Cloud companies have been on a tear lately as investors search for growth. Is it possible we’re in a bubble? I break down why we’re still in the very early stages of this massive growth trend… plus, what to look for—and ignore—when looking for growth opportunities [13:35].
Frankly Speaking | 90
Ignore this popular metric when looking for growth
Announcer: Wall Street Unplugged looks beyond the regular headlines heard on mainstream financial media to bring you unscripted interviews and breaking commentary direct from Wall Street right to you on Main Street.
Frank Curzio: What’s going out there? It’s Friday, December 20th. I’m Frank Curzio, host of the Frankly Speaking podcast, where I answer all of your questions on the market, stocks, comedy, sports, and anything else you want to throw at me. Okay, this podcast can answer some more of your questions that you would send me through my Wall Street Unplugged podcast, which I host, as you know, every single Wednesday. Want your questions answered? Just send me an email at frank@curzioresearch.com, that’s frank@curzioresearch.com. Be sure to put Frankly Speaking in the headline. You never know, your question may be the one I read on this podcast.

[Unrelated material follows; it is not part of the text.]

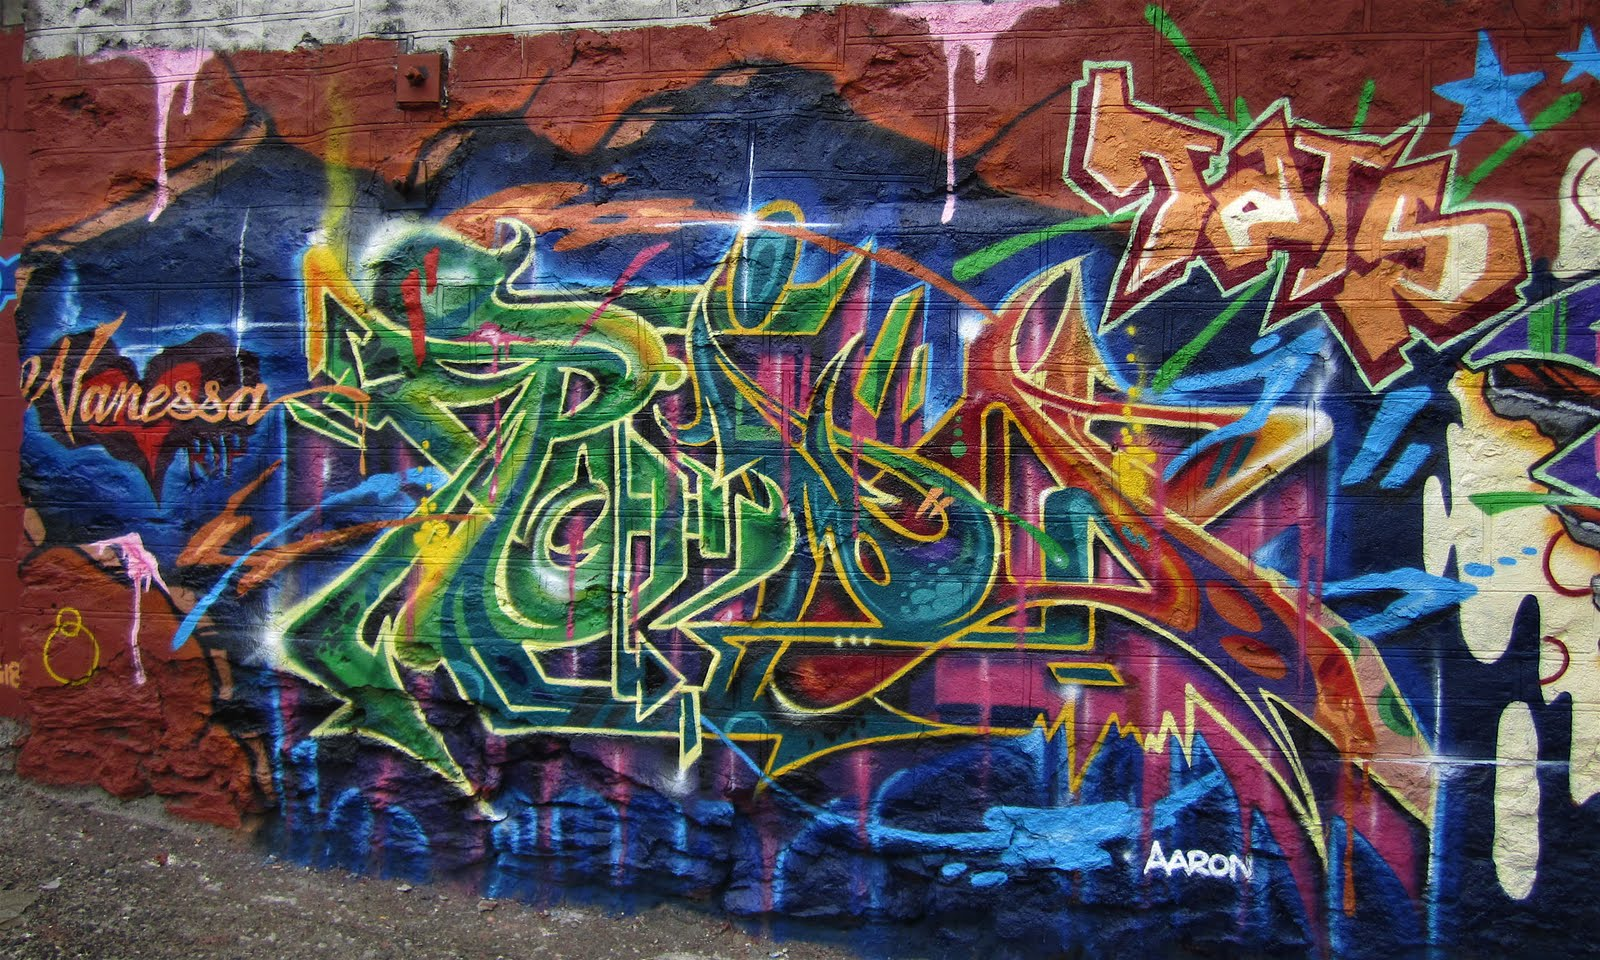 Tats cru may 2011 for Big pun mural bronx

Frank Curzio: So I’ve got a question from JT. Finally, finally, a sports question. One sports question, it’s been a while. Don’t get tuned off. I’ll be very, very quick because it’s a very important question. He says, “Hey, Frank, do you think the Eagles will beat my Cowboys this week and make the playoffs? To be honest, both don’t deserve to be in the playoffs, but I do hope it’s the Cowboys instead of your birds. Have a great holiday and thanks for a great year.”

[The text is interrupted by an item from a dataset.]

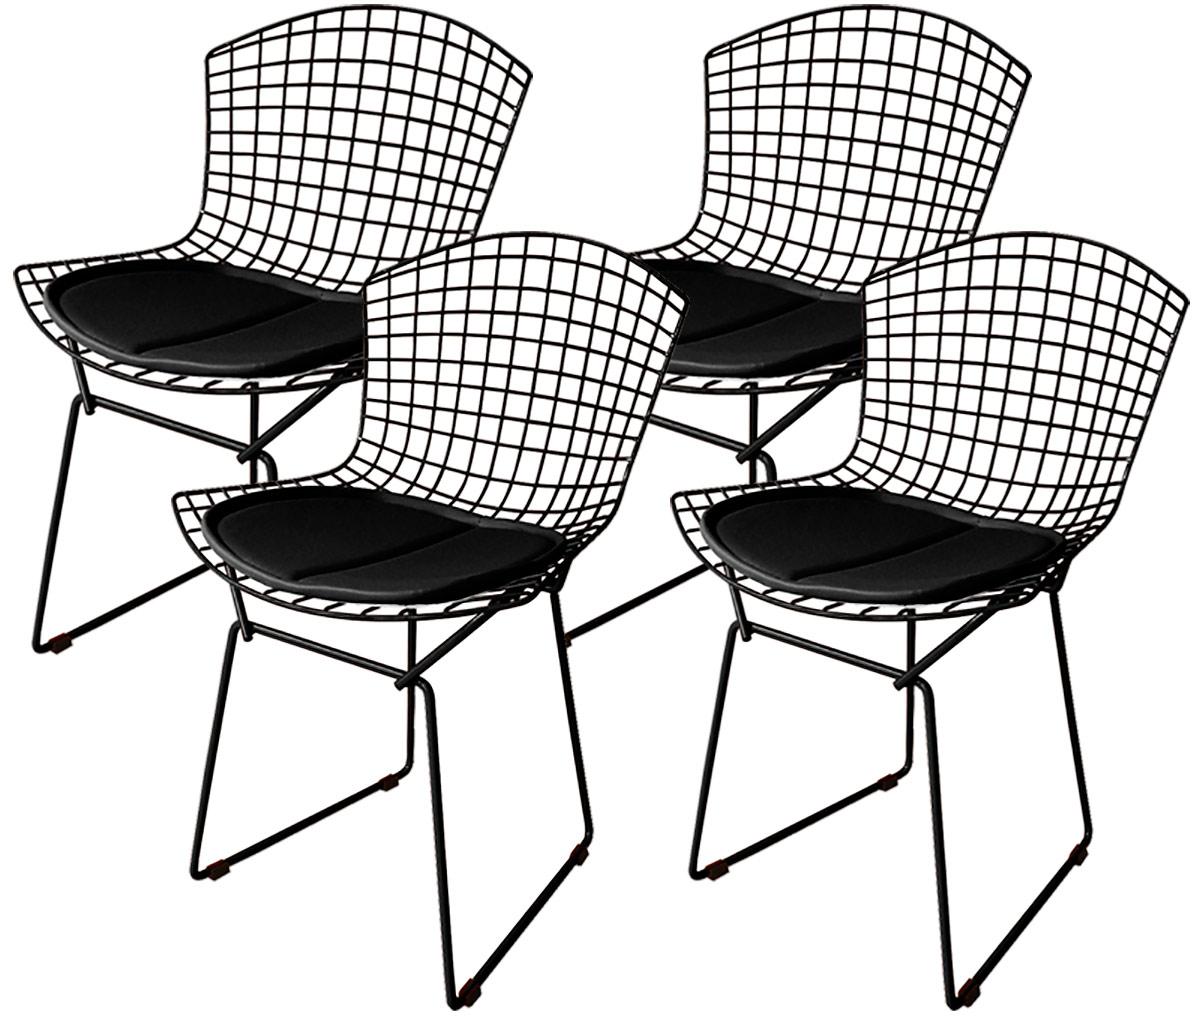 Kit 4x Cadeira Bertoia Tradicional Preta - Ponta de Estoque

Frank Curzio: You’re right. They both do not deserve it. They don’t deserve it, absolutely not. You’re looking at the Cowboys played great last game so they are favored. I could tell you that the Eagles do very, very well when they’re underdogged at home. They were underdogged in the first two games with Nick Foles when they won the Super Bowl, even though they had home-field throughout and they winded up beating Atlanta, which was a close game. They blew out Minnesota and then they beat New England, which was not at Philly.
Frank Curzio: But I’m going to make a bold prediction here and I’m agreeing with you because if I look at the Eagles, their defense is atrocious. It’s atrocious, and they’re not hurt anymore. They’re just that bad. They don’t sack the quarterback. They get no pressure on. Their quarterbacks are horrible. There’s no communication at all. They give out so many big plays. Wentz is playing better, but he has zero wide receivers. He has no wide receivers, none. Wide receivers are hurt.

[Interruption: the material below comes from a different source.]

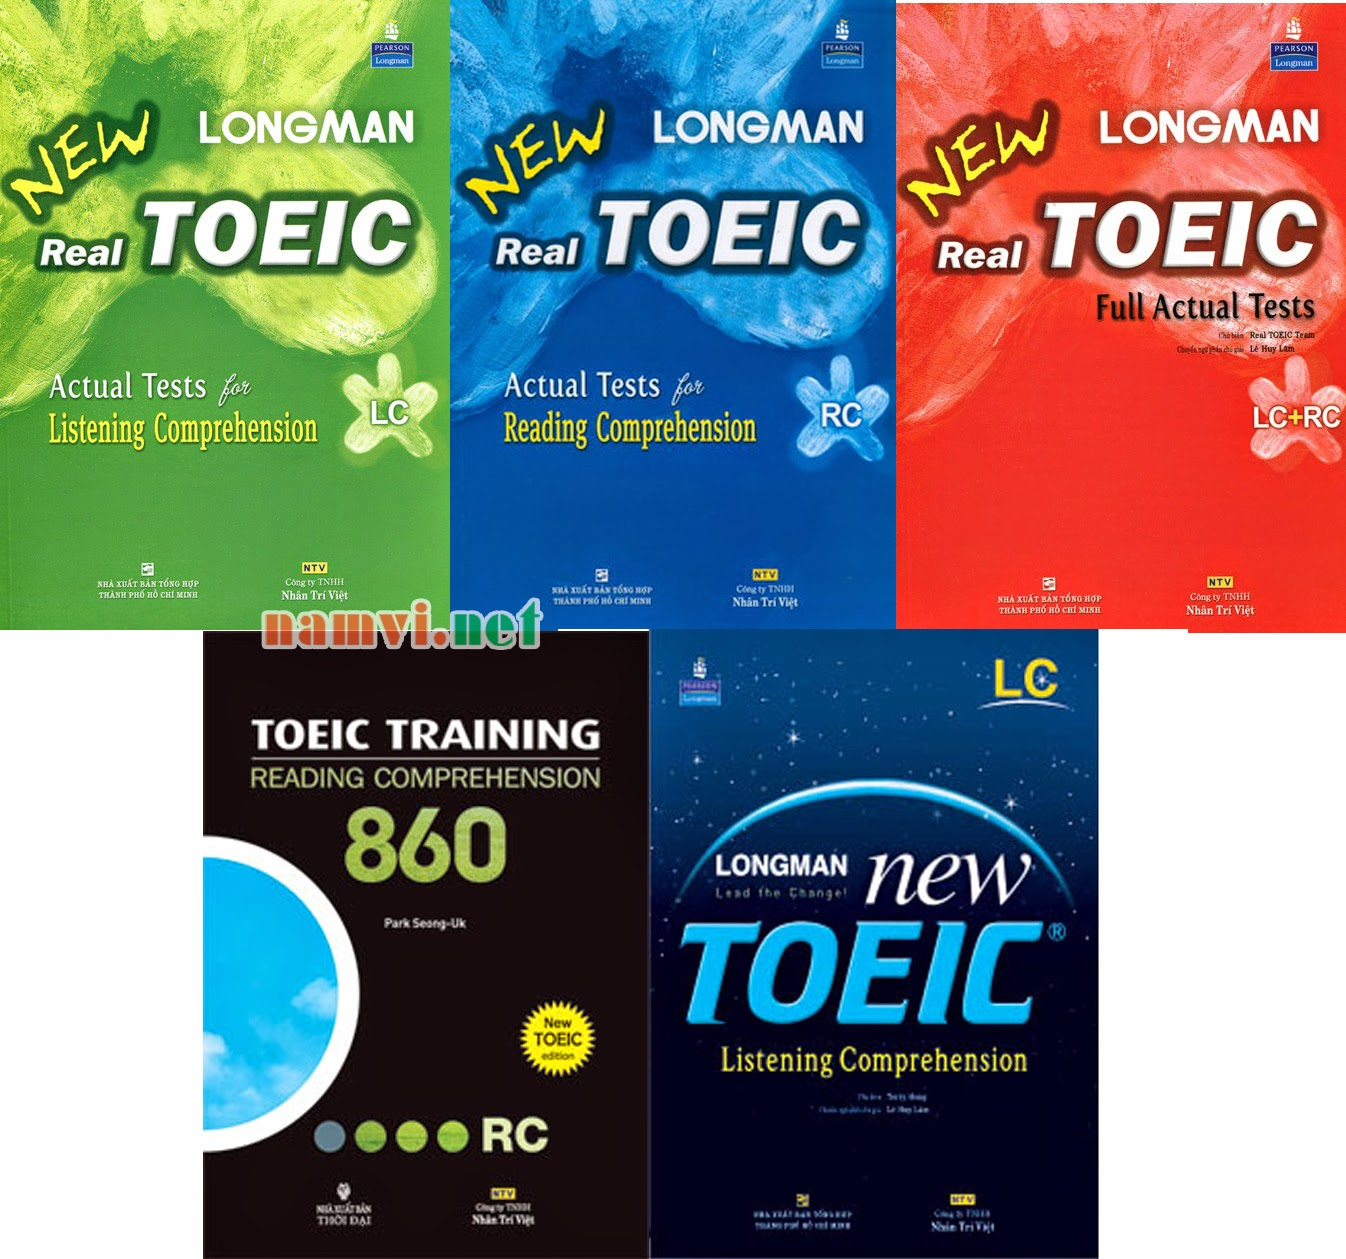 giáo trình New Longman Real TOEIC Actual Tests

Frank Curzio: But look at Dallas. Dallas has a really good team. They’re underachieving much, much more than the Eagles. Eagles have been hurt all year, but I’m going to make a crazy prediction for you. I’m going to predict that the Eagles are going to beat the Cowboys. And then next week, they’re going to lose at Giants and Dallas is going to make the playoffs. Let’s see if that happens. If Dallas wins, they’re in the playoffs. If the Eagles win, they’re not in the playoffs yet, they still have to beat the Giants and Dallas has to win their final game. They’ve got who they’re playing, but they’re not playing that good of a team the following week.
Frank Curzio: So that’s a very important game. It’s tough. I mean I don’t know if I want the Eagles to make the playoffs because I think they’ll lose at least by four touchdowns by anybody they play. But yeah, you never know. I mean if you can get a little bit momentum and the Eagles do have momentum, Wentz looks good, they won the last two games late in the fourth quarter, very good drives, and you never know. You just look with Foles. It’s just about believe in momentum. The Giants had it when they played New England at the last game of the season and they almost beat them and they knew that they could play with them. They made the Super Bowl. Then they beat New England and killed their undefeated season. So a lot has to do with momentum. Let’s see.
Frank Curzio: I mean Dallas, they had one game, one good game at home. The Eagles I think won three in a row now. But both of these teams have significantly underachieved. It’s disappointing to see them. It’s sad that you’re not going to have the better team make the playoffs, but that’s the way the system is. Whoever wins the division automatically gets the playoffs. Not only that, they get to play first game at home so … And the team that, whether it’s Dallas or the Eagles, they’re going to have that home game, and the team they’re playing’s going to be much better than them and have a better record than them. So it will be interesting. Thanks for asking, and thank you for asking a sports question. Man, I don’t get them anymore, which is okay. But now, let’s get to some fun stuff.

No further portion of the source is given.